- [Prompt]:
Only an exact repetition of the lines from the one holding "FIFA World screenshot 1" to the end of the data is wanted, with pictures left out.

***** Source information

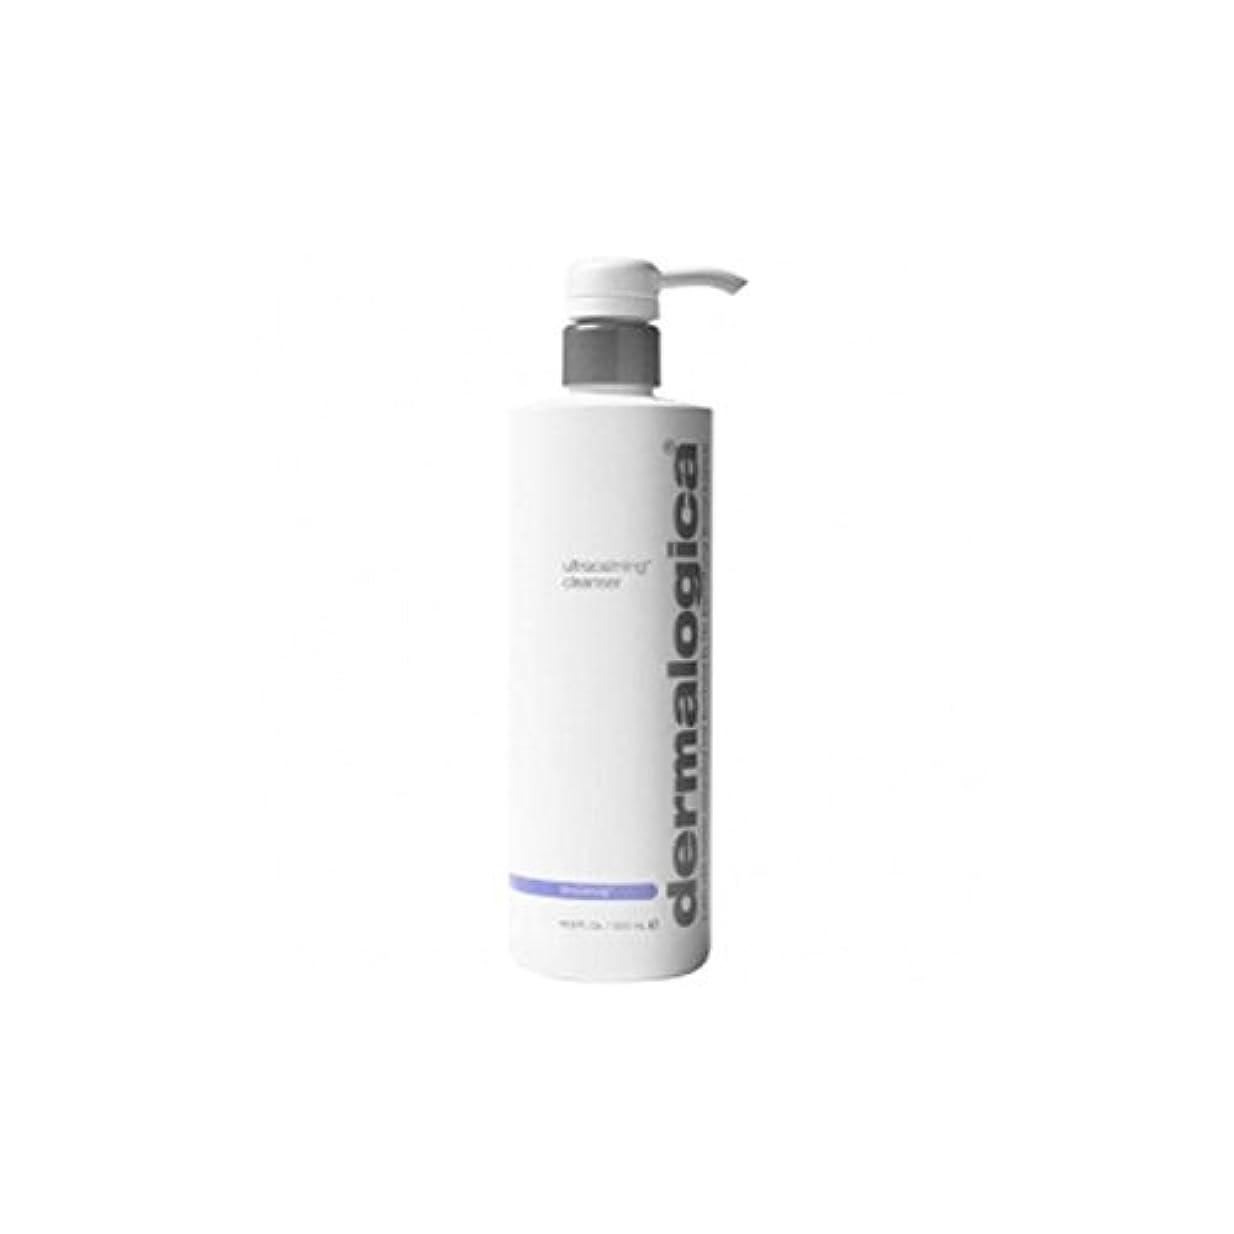 子豚有罪まぶしさダーマロジカクレンザー(500ミリリットル) x4 - Dermalogica Ultracalming Cleanser (500ml) (Pack of 4) [並行輸入品]
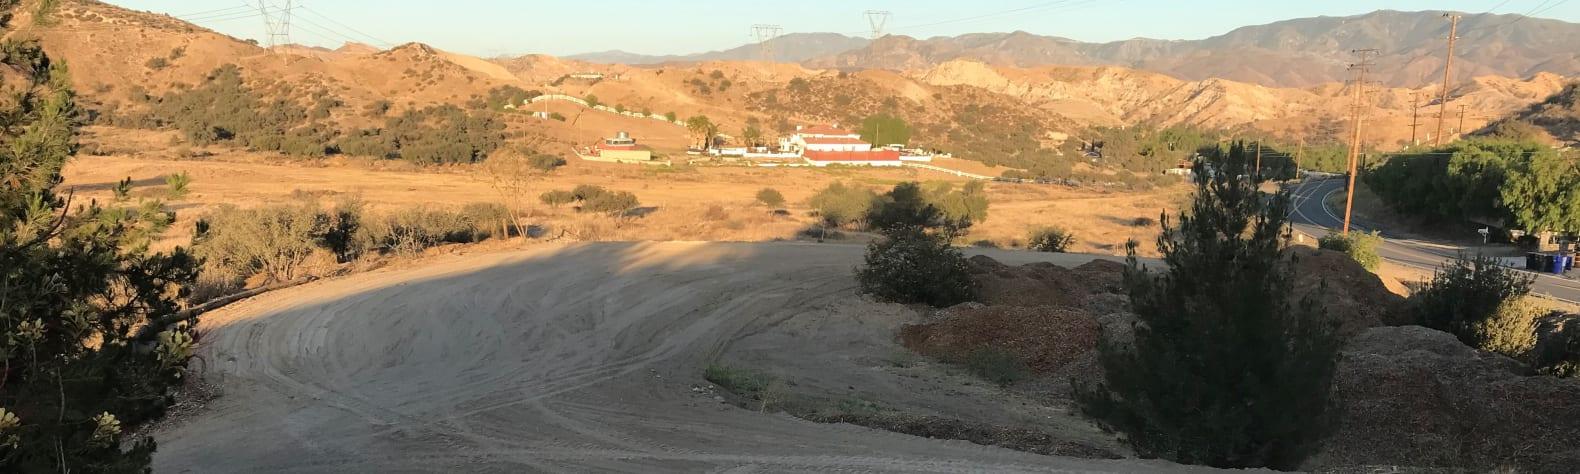 Eric A.'s Land
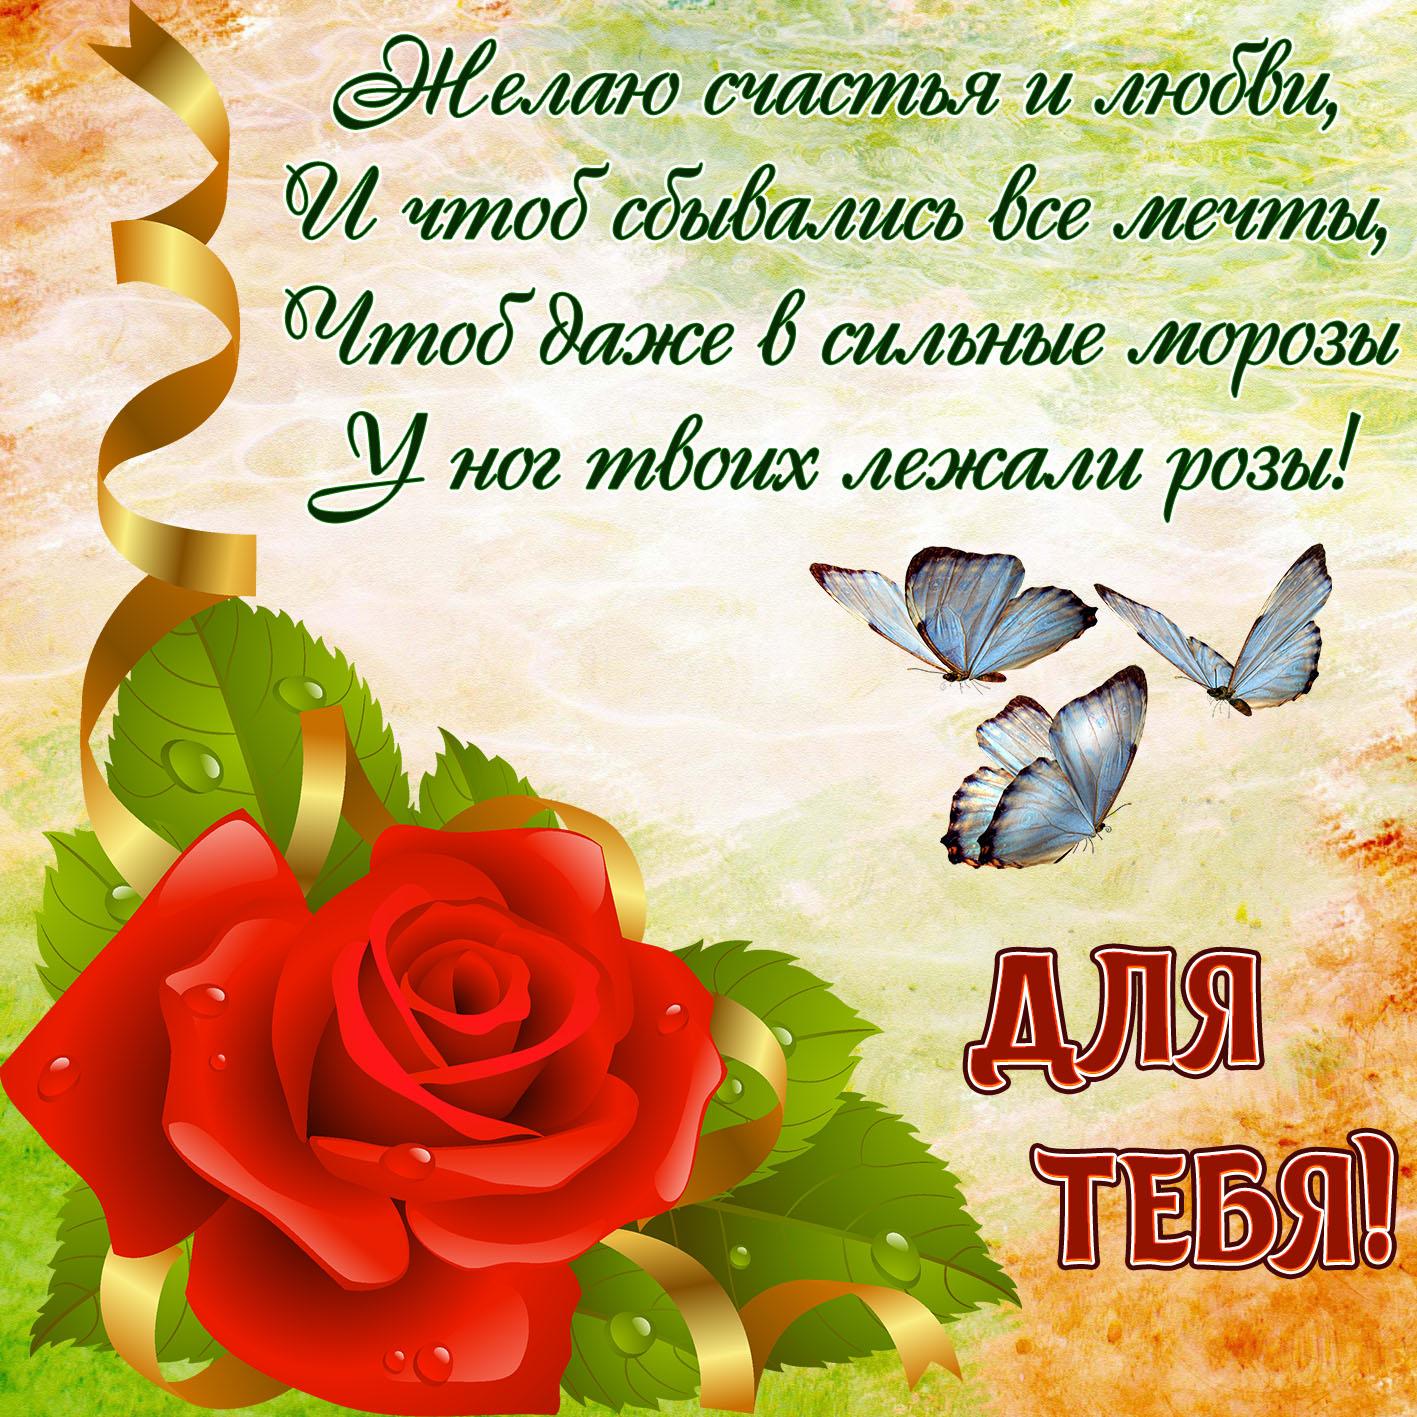 Открытка - пожелание на фоне красивой красной розы
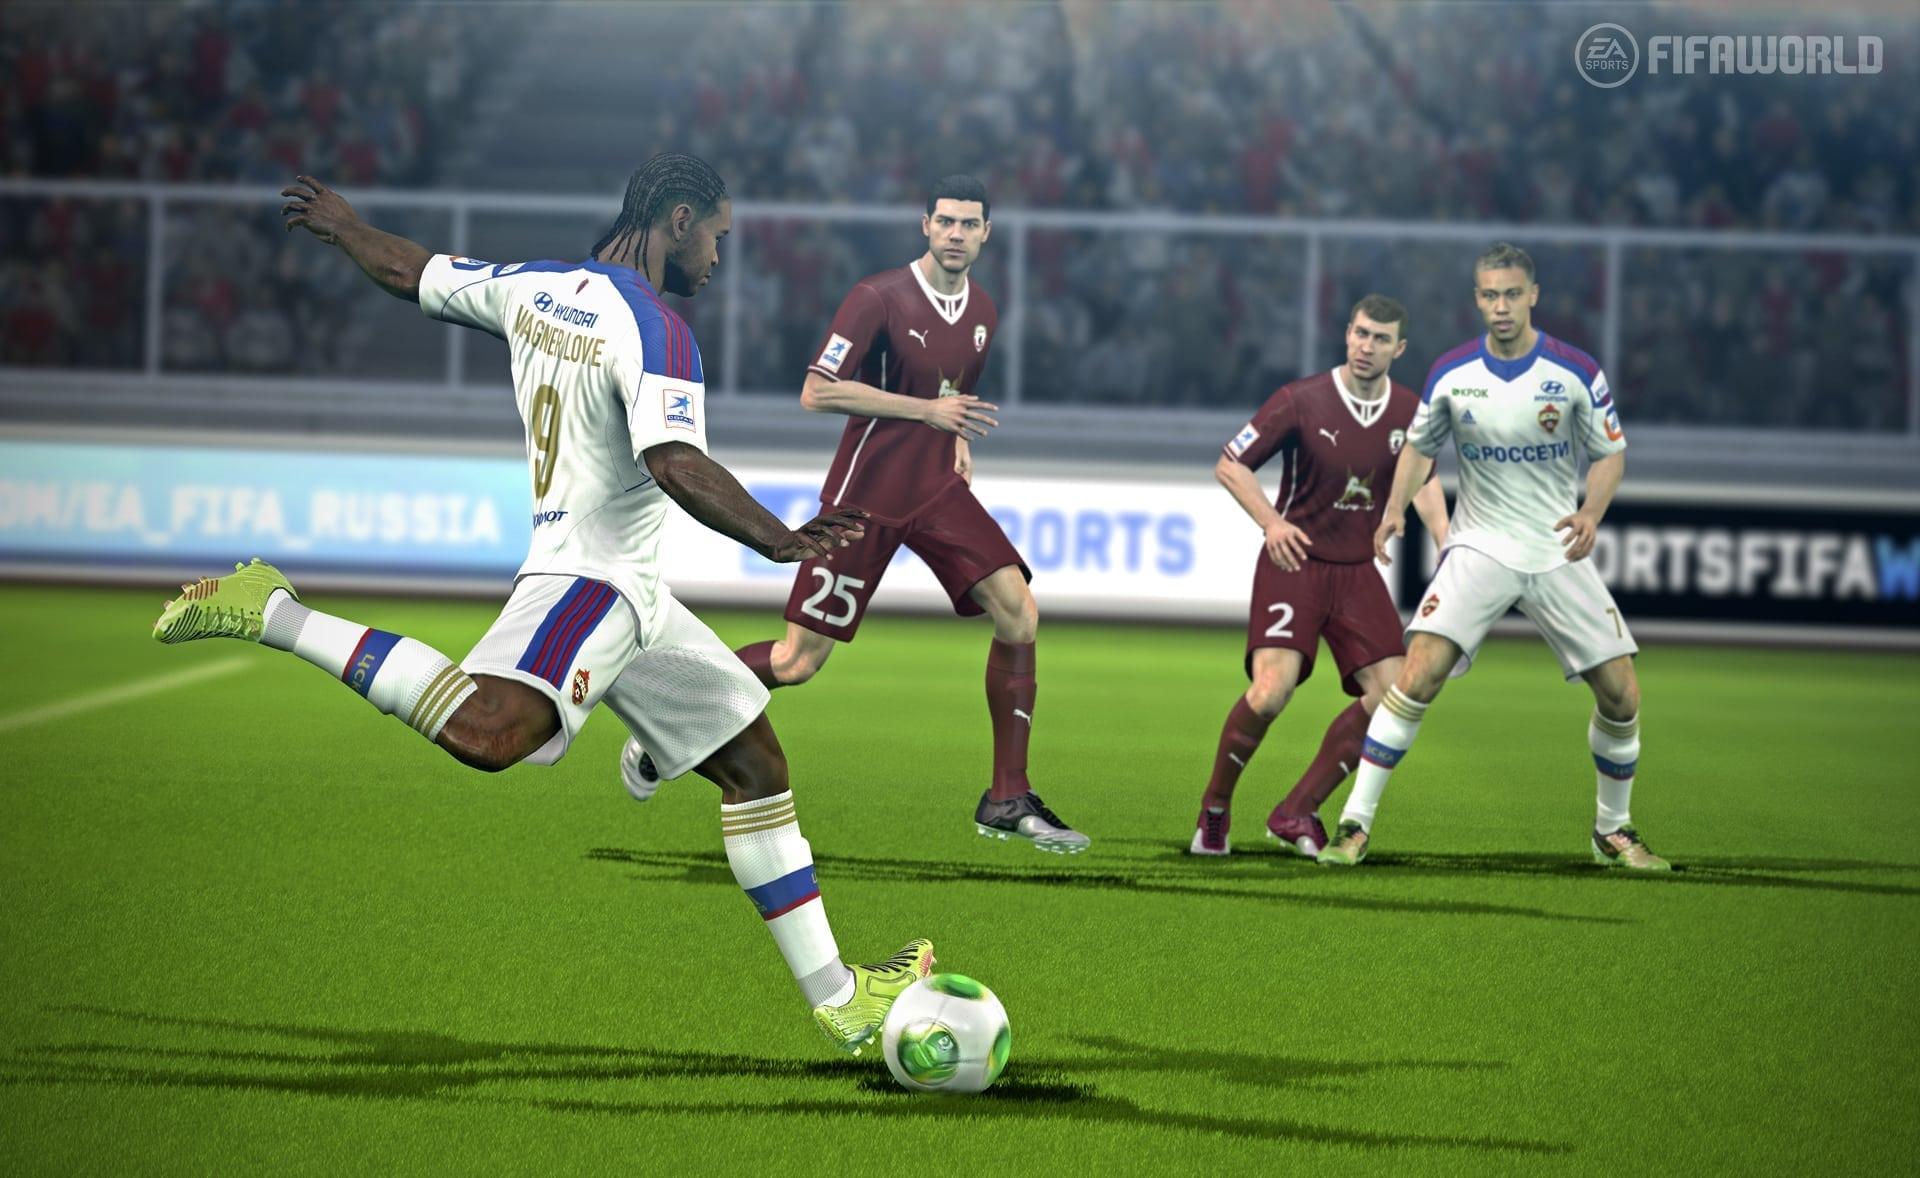 FIFA World screenshot 1
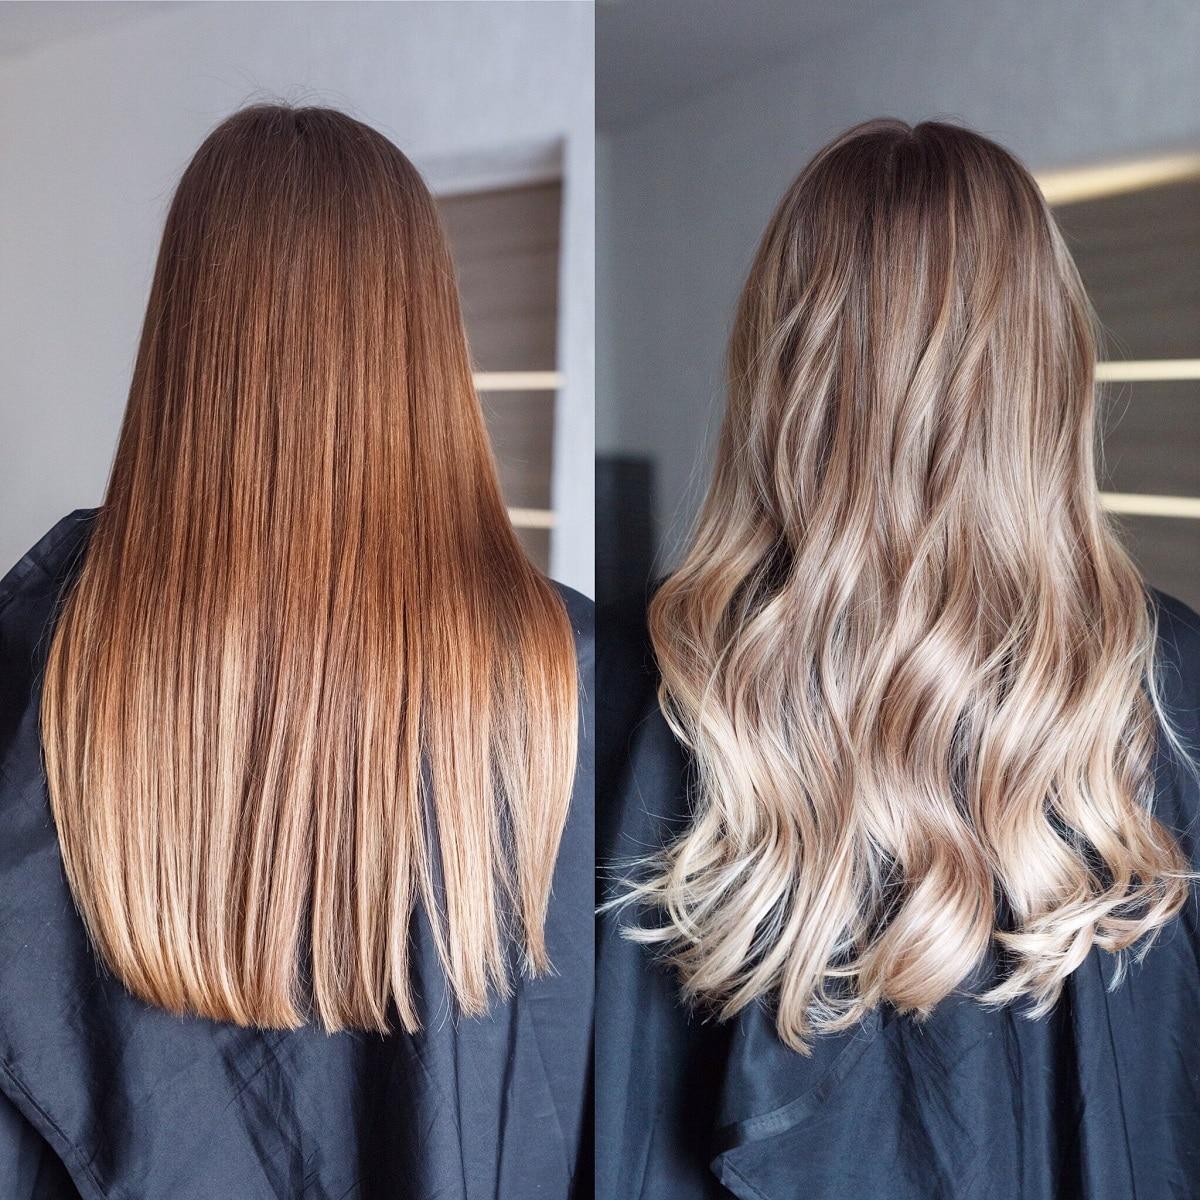 cheveux brun à blond avant après
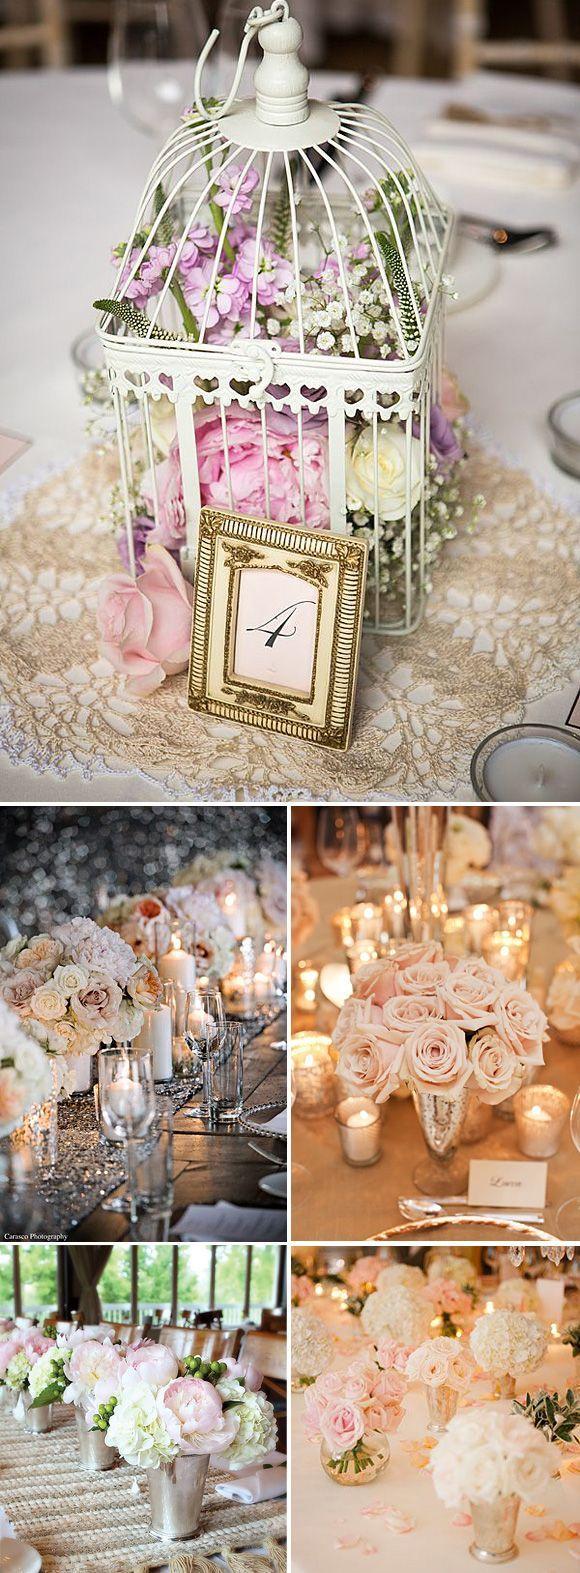 Boda m s rom ntica con numerosas ideas creativas flower - Bodas sencillas y romanticas ...

**********

- [Completed task]:
 FIFA World screenshot 1
 cheveux brun à blond avant après
 Boda m s rom ntica con numerosas ideas creativas flower - Bodas sencillas y romanticas ...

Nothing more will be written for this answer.